8 chapitres / 57 fiches

Comment éviter la fatigue : les cycles du sommeil



En résumé

Selon un sondage de l'Institut du sommeil effectué en 2012, 31 % des Français dorment moins de 6 heures par nuit, en deçà du seuil réparateur de 7 heures, 1 sur 6 avoue être insomniaque chronique. La France a d'ailleurs le triste record de la plus forte consommation de somnifères.

Notre sommeil est rythmé par 4 cycles de 90 minutes environ et est régulé par l'horloge biologique, propre à chacun. Il est essentiel d'adapter son sommeil à ses besoins et de se mettre dans les meilleures conditions pour qu'il soit réparateur et favorise la forme en cours de journée.


Pourquoi l'utiliser ?

Objectif

  • Respecter le déroulement des phases du sommeil.
  • Favoriser un sommeil réparateur.

Contexte

Les préoccupations personnelles ou professionnelles, de mauvaises habitudes, peuvent perturber le sommeil, provoquer un endormissement difficile, des insomnies, et entraîner une méforme en journée.

Comment l'utiliser ?

Étapes

  • Identifier le déroulement des phases du sommeil.
  • Adopter les bonnes pratiques pour en faciliter le déroulement.
  • Méthodologie et conseils

    Un sommeil calme et réparateur est essentiel à notre équilibre. Les phases de sommeil lent prédominent au début de la nuit. Elles jouent un rôle de récupération physique. Les phases de sommeil profond favorisent les phénomènes d'assimilation et de mémorisation. Les informations traitées en journée sont redistribuées dans différents endroits du cortex pour y être conservées. Le sommeil paradoxal favorise la créativité.

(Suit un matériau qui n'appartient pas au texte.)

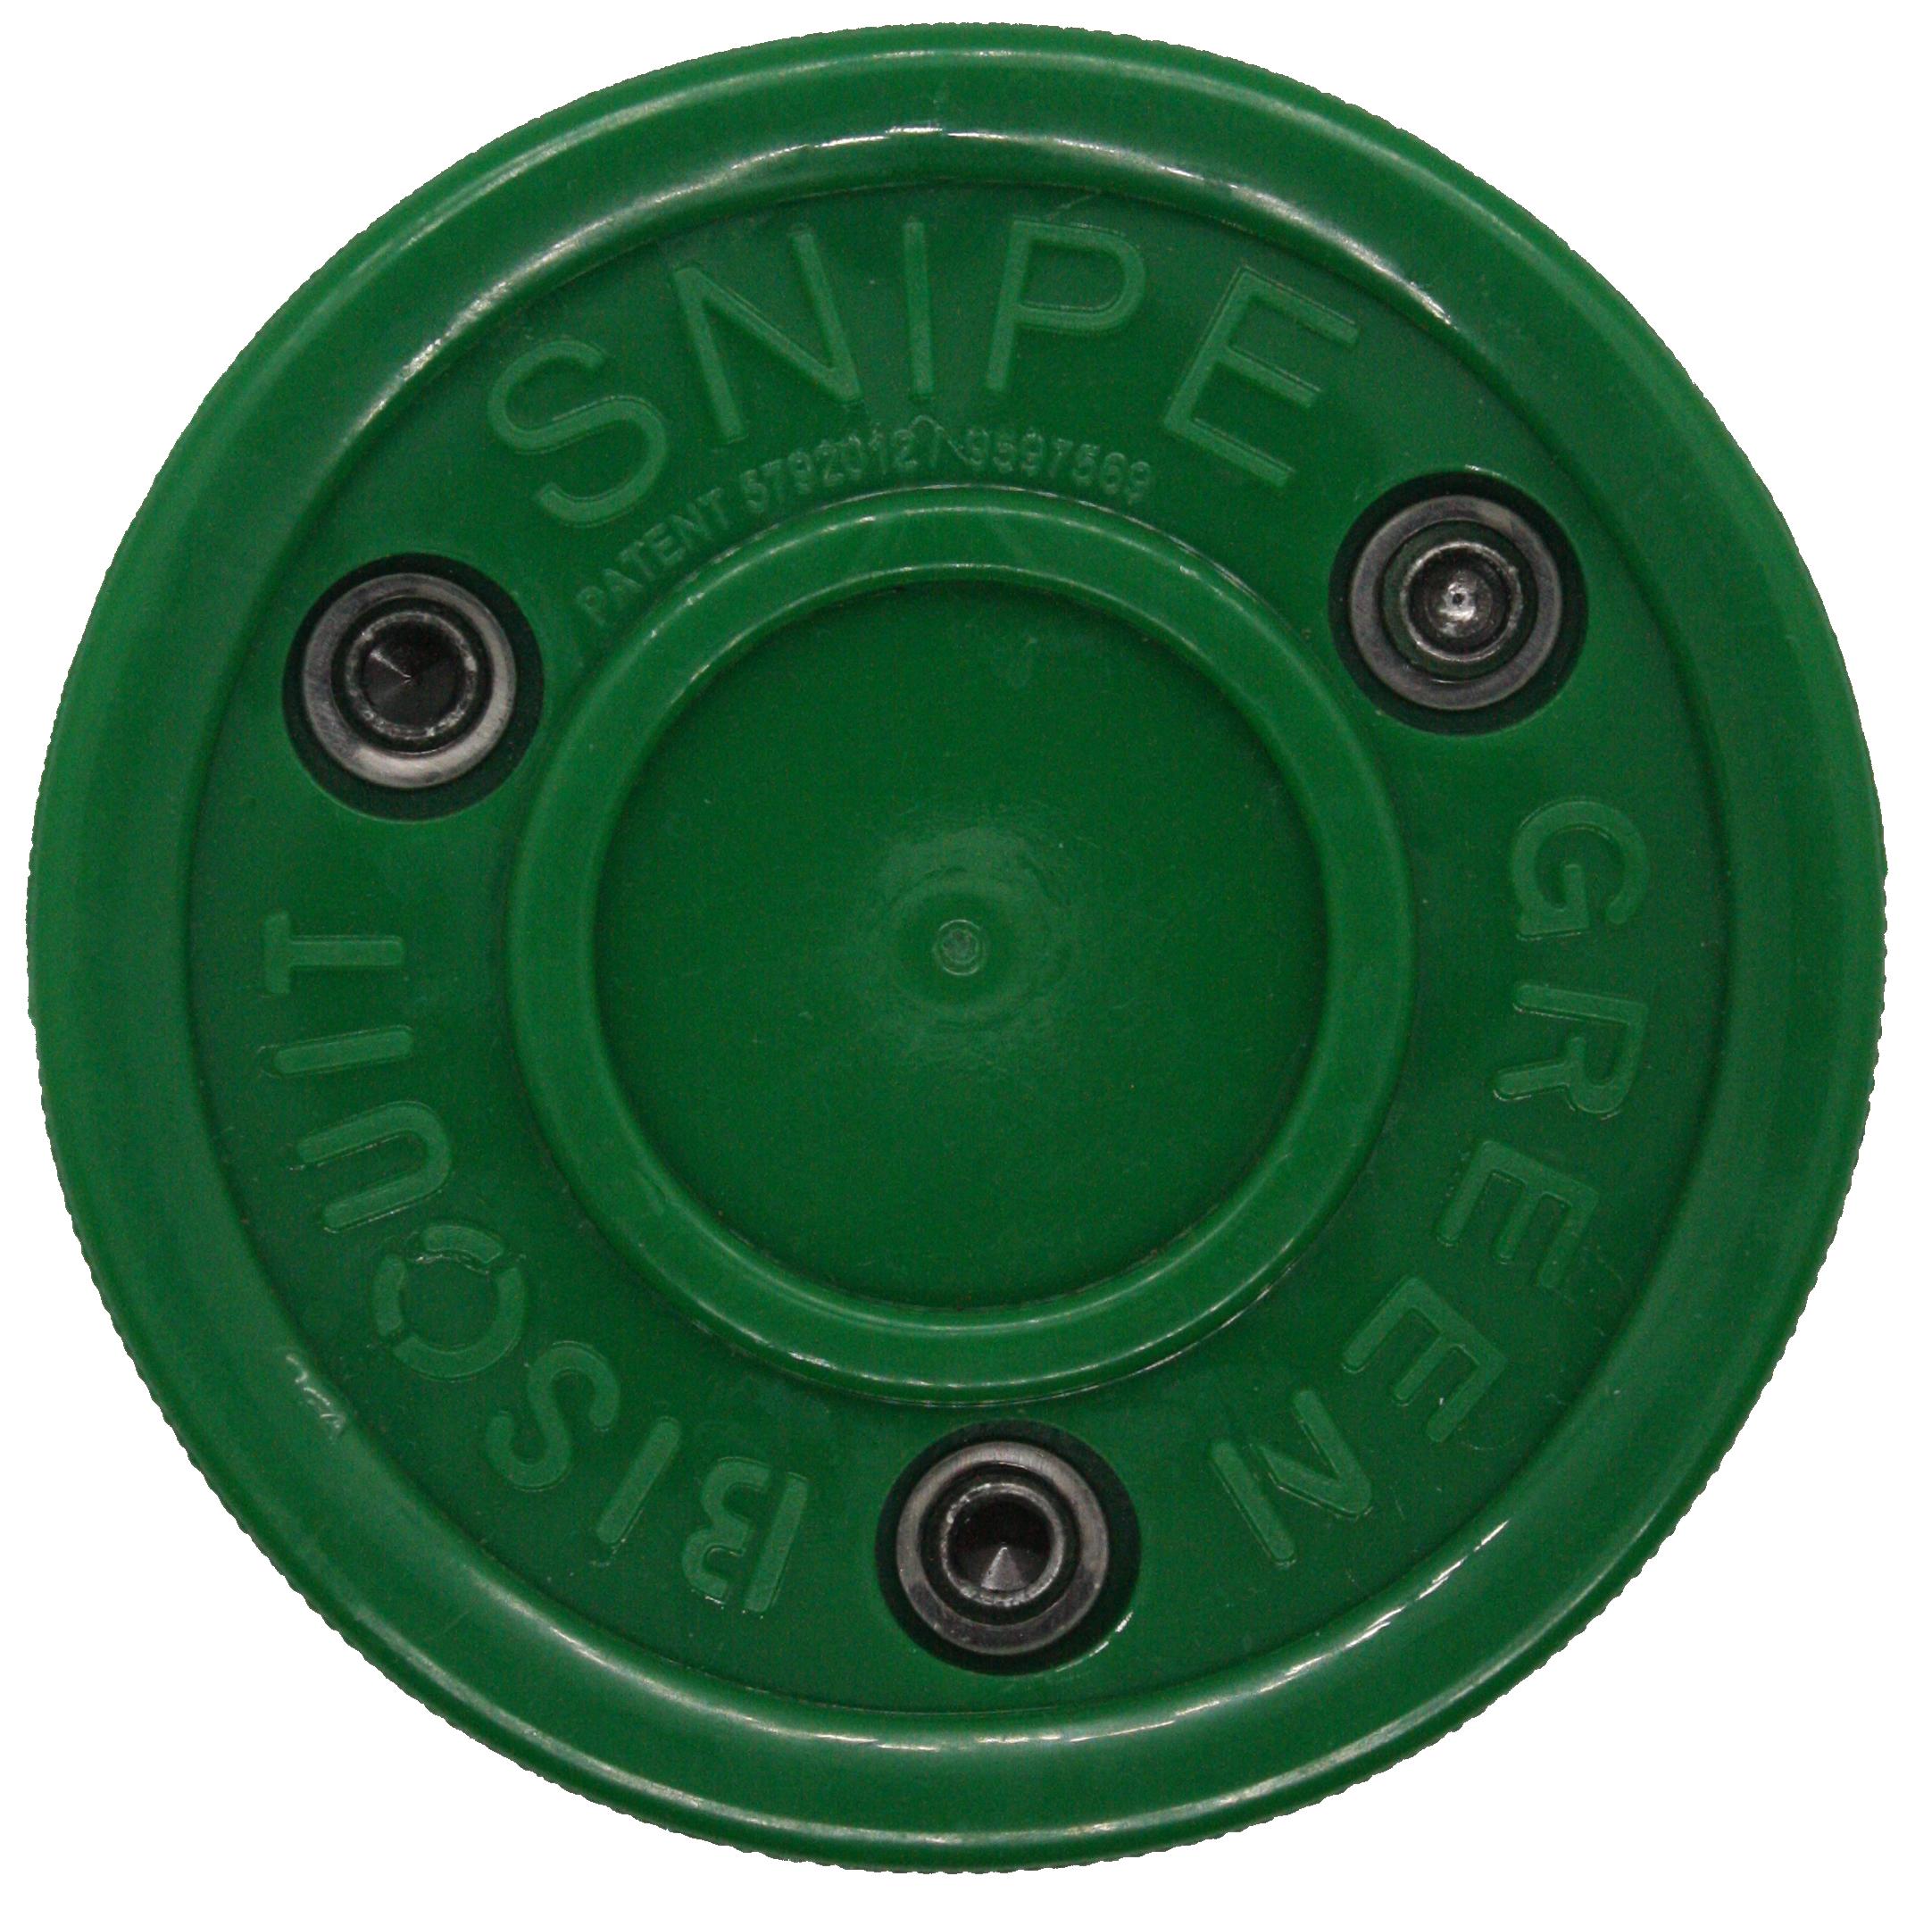 Green Biscuit Snipe Shooting Stick Handling Training Street Hockey Puck

    Pour faciliter le déroulement des phases du sommeil :

    • Phases 1 et 2 : le sommeil lent et léger : le tonus musculaire et de la fréquence cardiaque sont diminués. Toutefois, lorsque la personne vient de s'assoupir, elle est encore sensible aux stimuli extérieurs : bruits, musique, etc.

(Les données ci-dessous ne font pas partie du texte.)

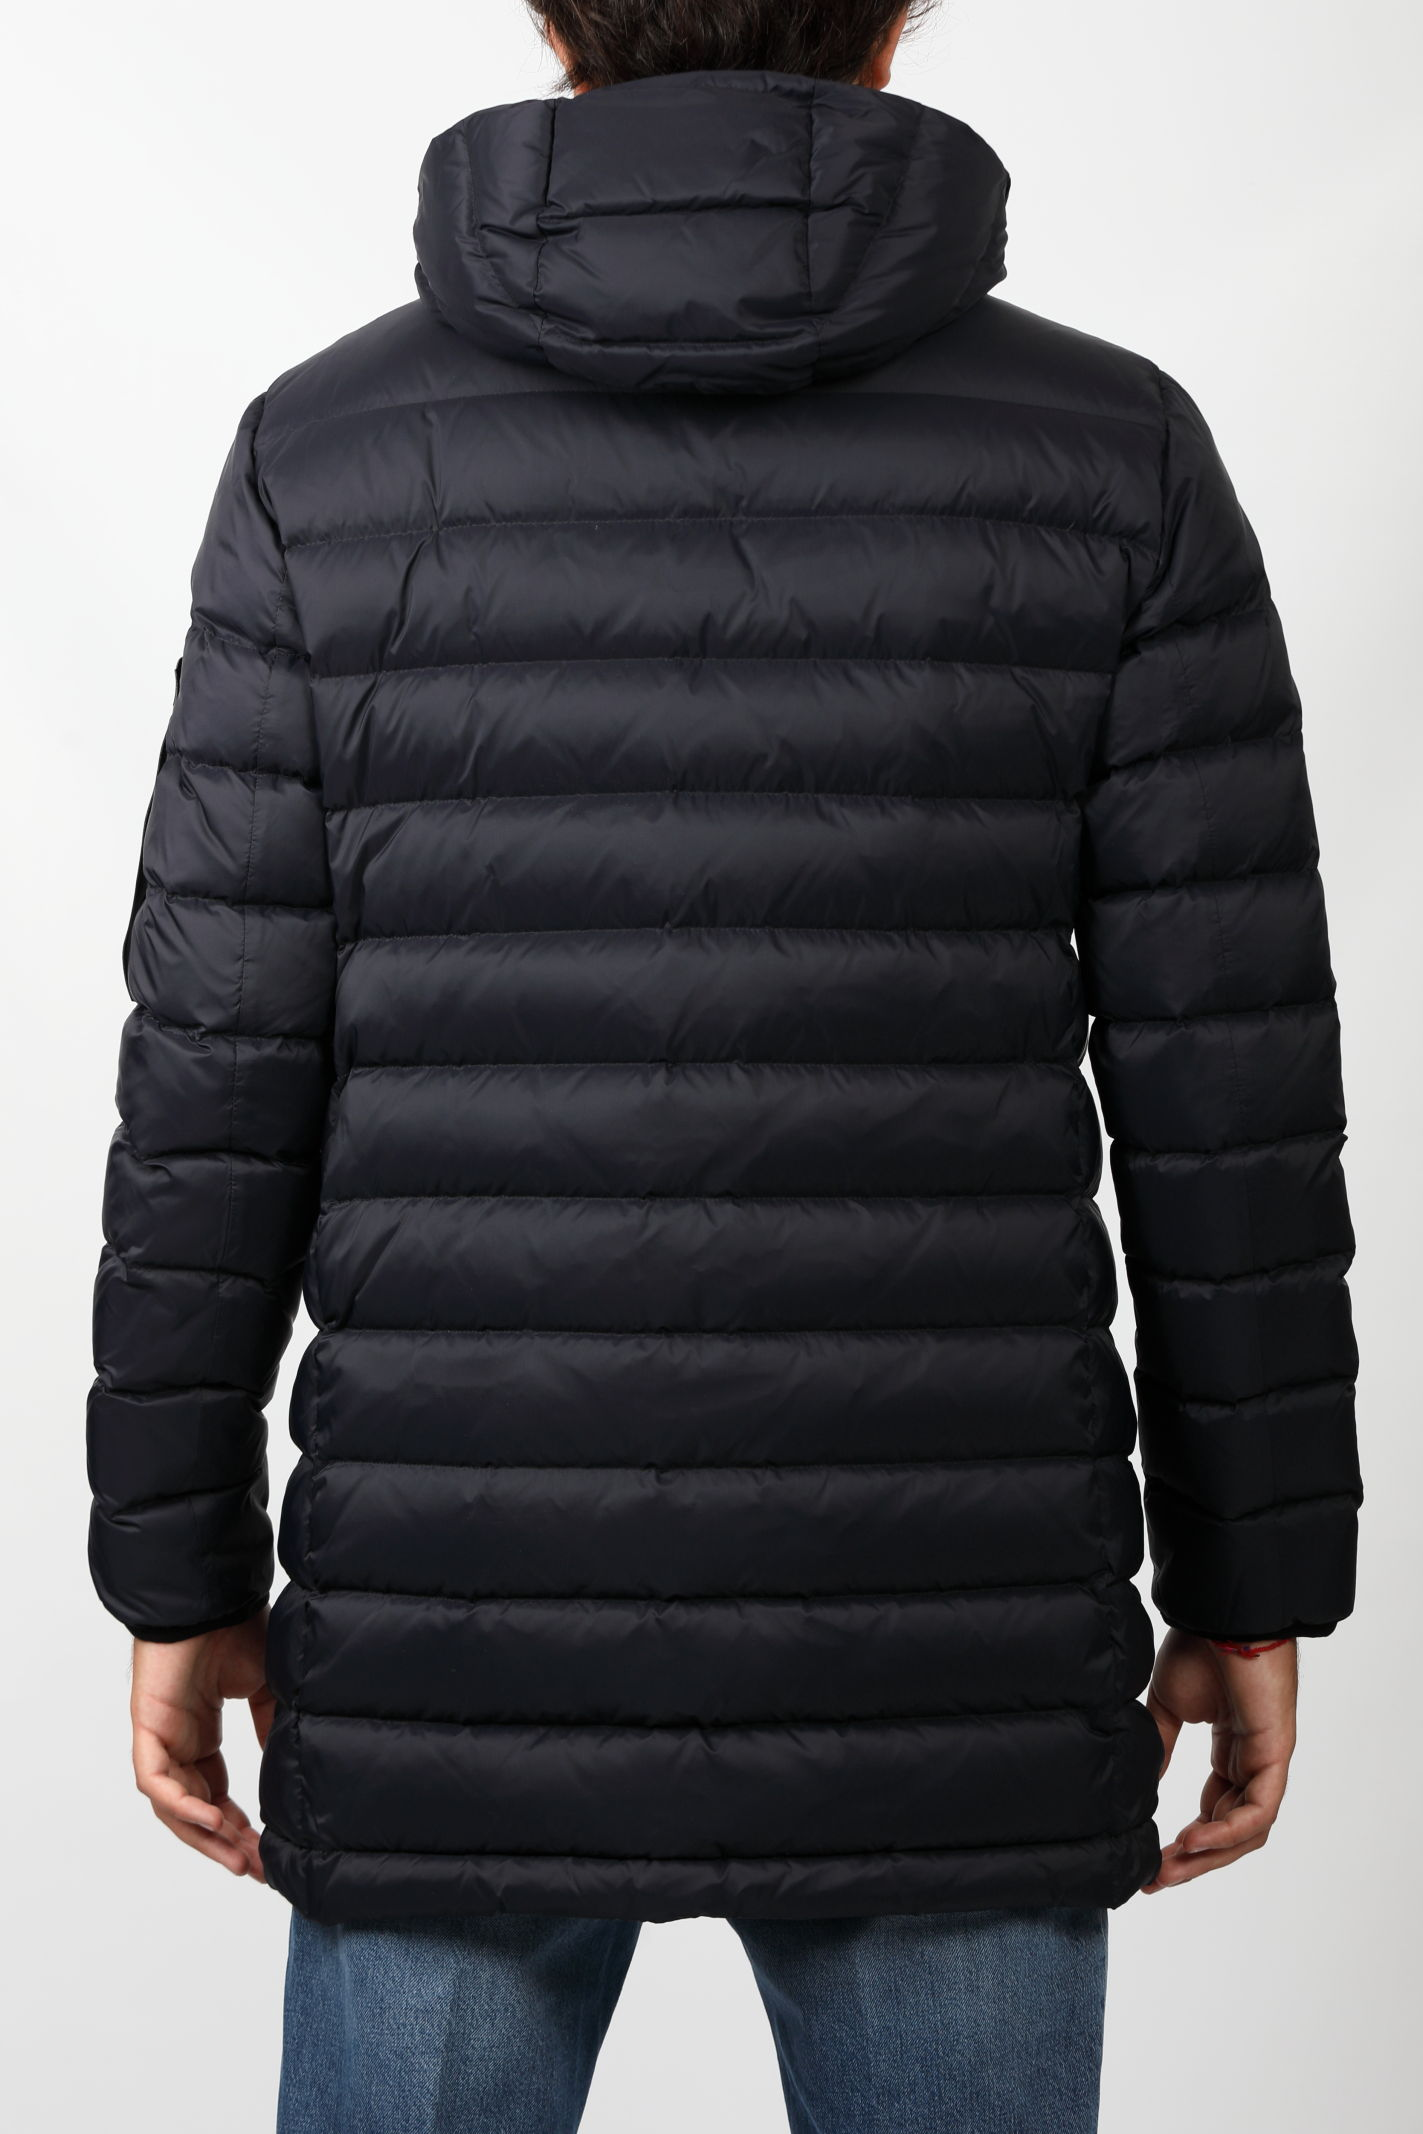 RUBIO KN PEUTEREY | Outerwear | PEU3749215BL

      • Être à l'écoute de son corps, et se coucher au moment où des bâillements ou la sensation de fatigue apparaissent, sinon l'endormissement peut être difficile.
      • Éviter de regarder la télévision au lit.
      • Éviter les somnifères, en cas d'énervement, appliquer une technique de relaxation et de respiration (cf. outils outils 27 et 28).
    • Phase 3 : le sommeil lent et profond : l'activité électrique du cerveau montre des ondes lentes et amples. Nos fréquences cardiaque et respiratoire diminuent, tout comme le métabolisme général de notre organisme. Nous sommes complètement détendus. Des rêves peuvent survenir.

      • Le sport a un effet bénéfique sur les ondes lentes du sommeil. Outre la fatigue ou l'effet psychologique de " défoulement ", la chaleur produite par l'effort physique agit sur le sommeil.
    • Phase 4 : le sommeil paradoxal : il occupe 20 à 30 % du temps de sommeil. Sa durée s'allonge avec la succession des cycles du sommeil pour devenir maximale en fin de nuit. Des mouvements oculaires se produisent par saccades. Le pouls et la respiration sont aussi rapides qu'en phase d'éveil, mais plus irréguliers. C'est la période propice aux rêves, 80 % se produisent pendant cette phase.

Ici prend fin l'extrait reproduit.